Exercise requirements: Restate word for word only the lines from the one with "Null 布基纳法索DEKOGGORO GAN手镯" through the end of the records; no pictures belong in the copy.

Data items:
•••
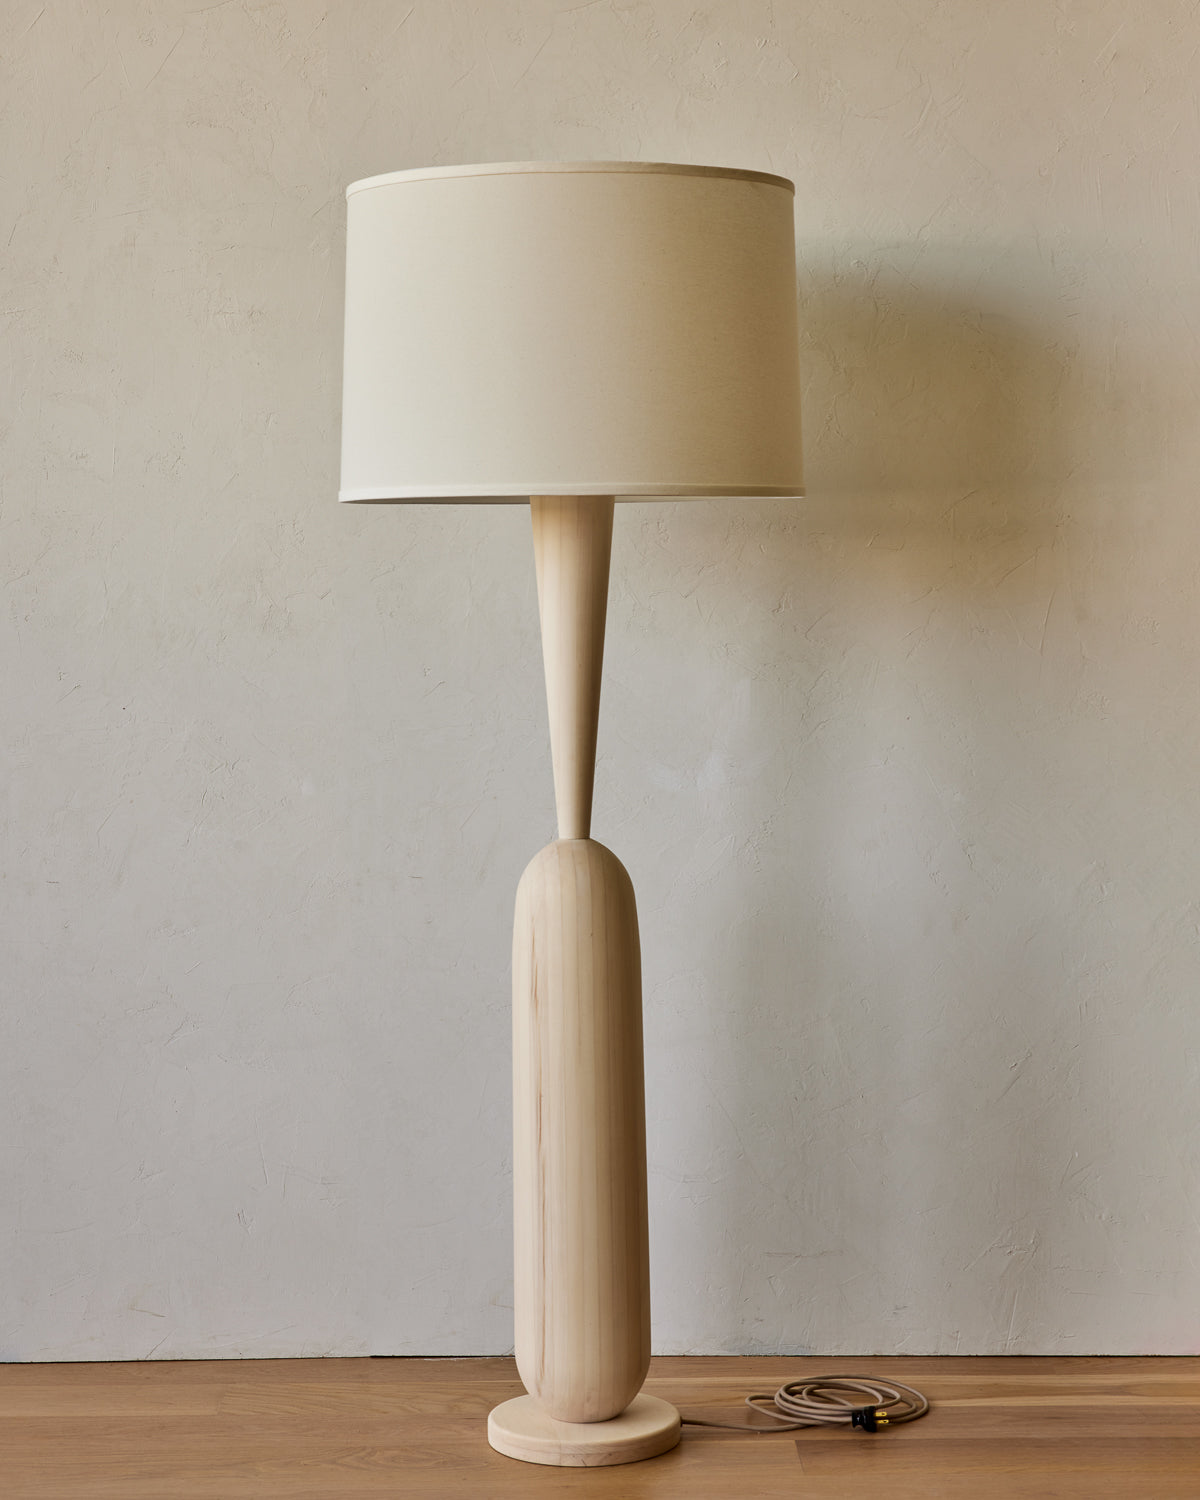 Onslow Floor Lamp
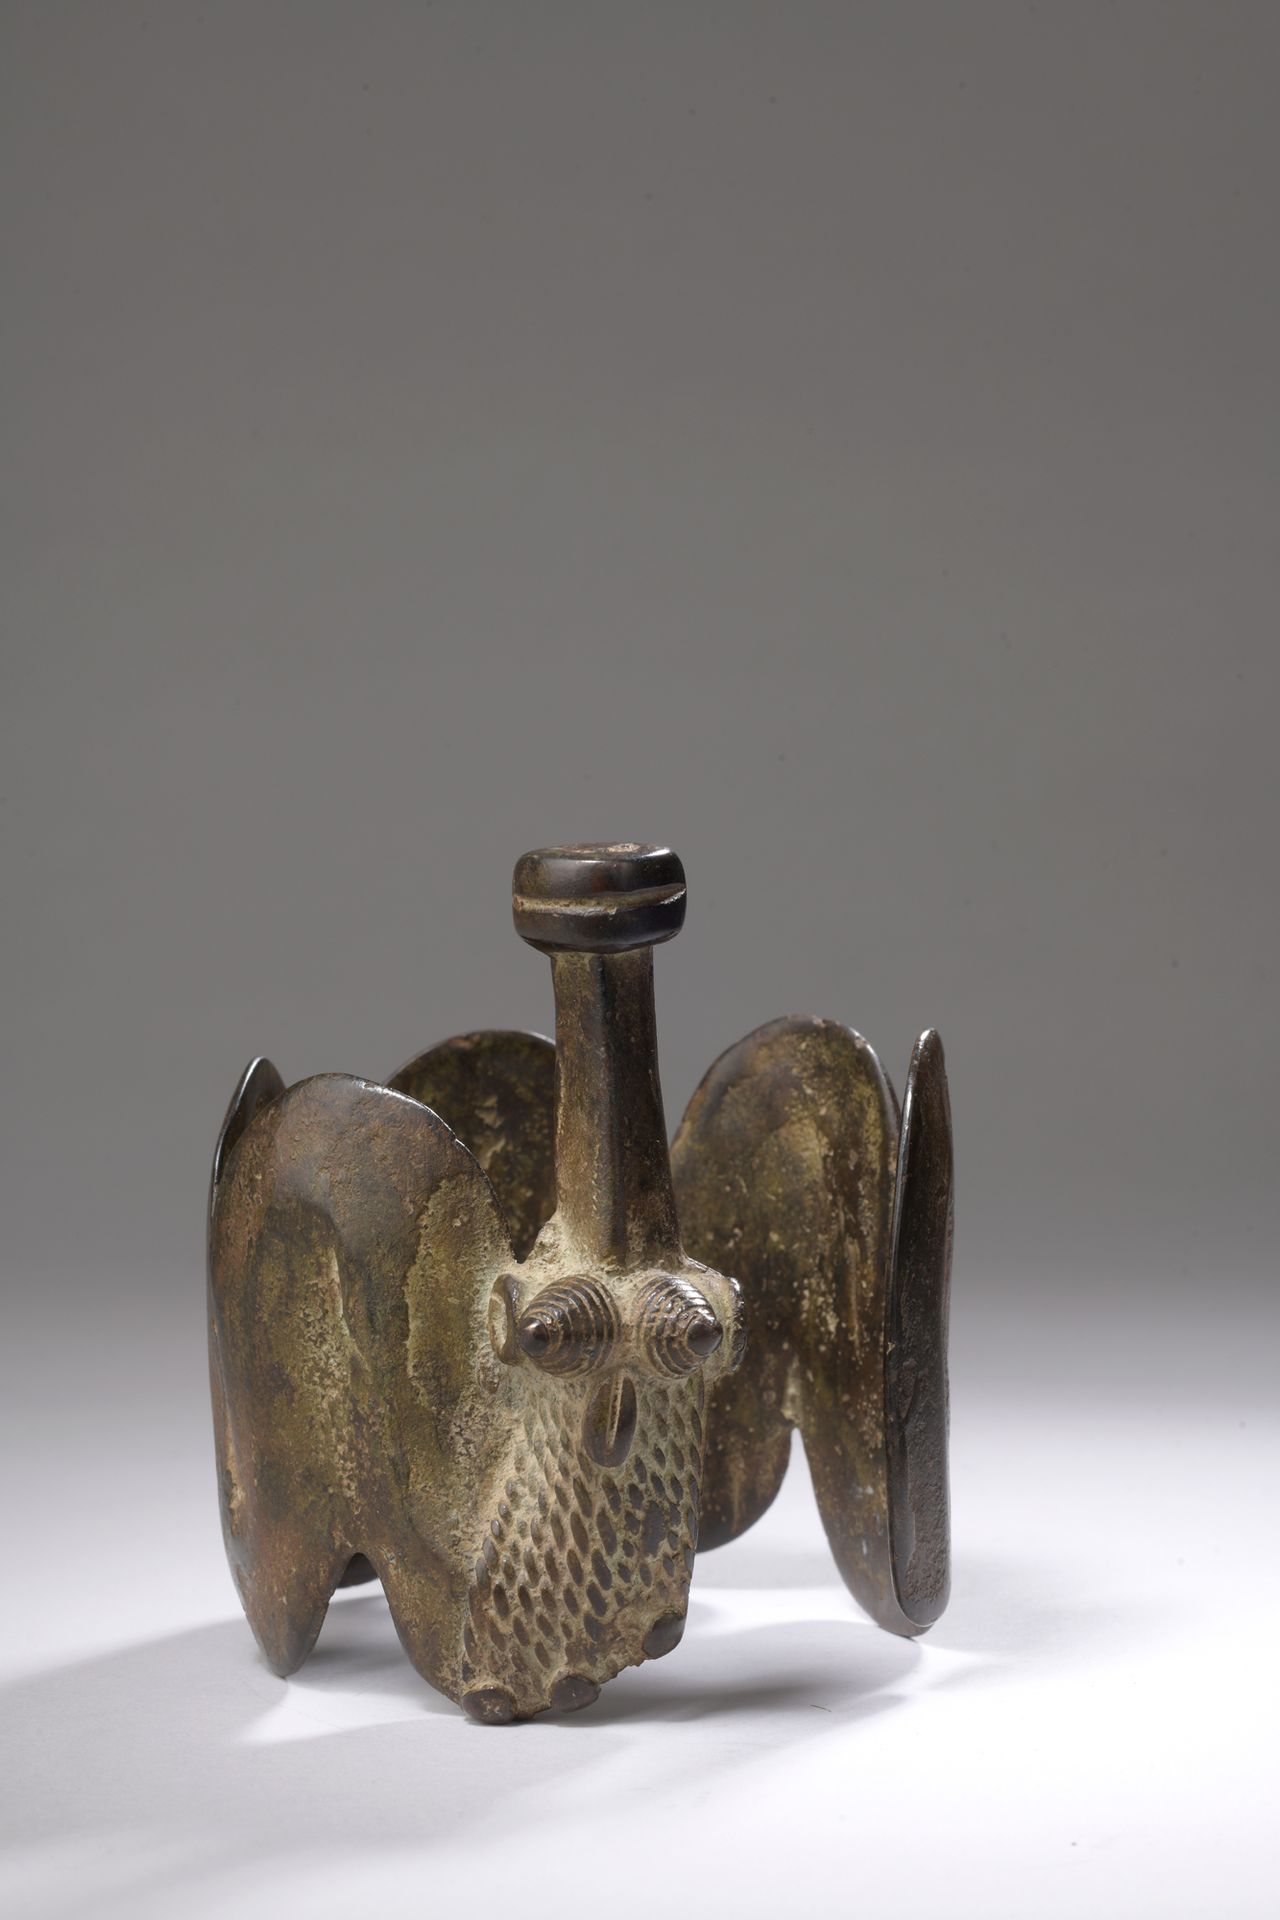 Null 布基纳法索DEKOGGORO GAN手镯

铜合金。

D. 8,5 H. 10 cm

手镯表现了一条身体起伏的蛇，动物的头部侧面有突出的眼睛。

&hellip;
•••
Written response:
 Null 布基纳法索DEKOGGORO GAN手镯

铜合金。

D. 8,5 H. 10 cm

手镯表现了一条身体起伏的蛇，动物的头部侧面有突出的眼睛。

&hellip;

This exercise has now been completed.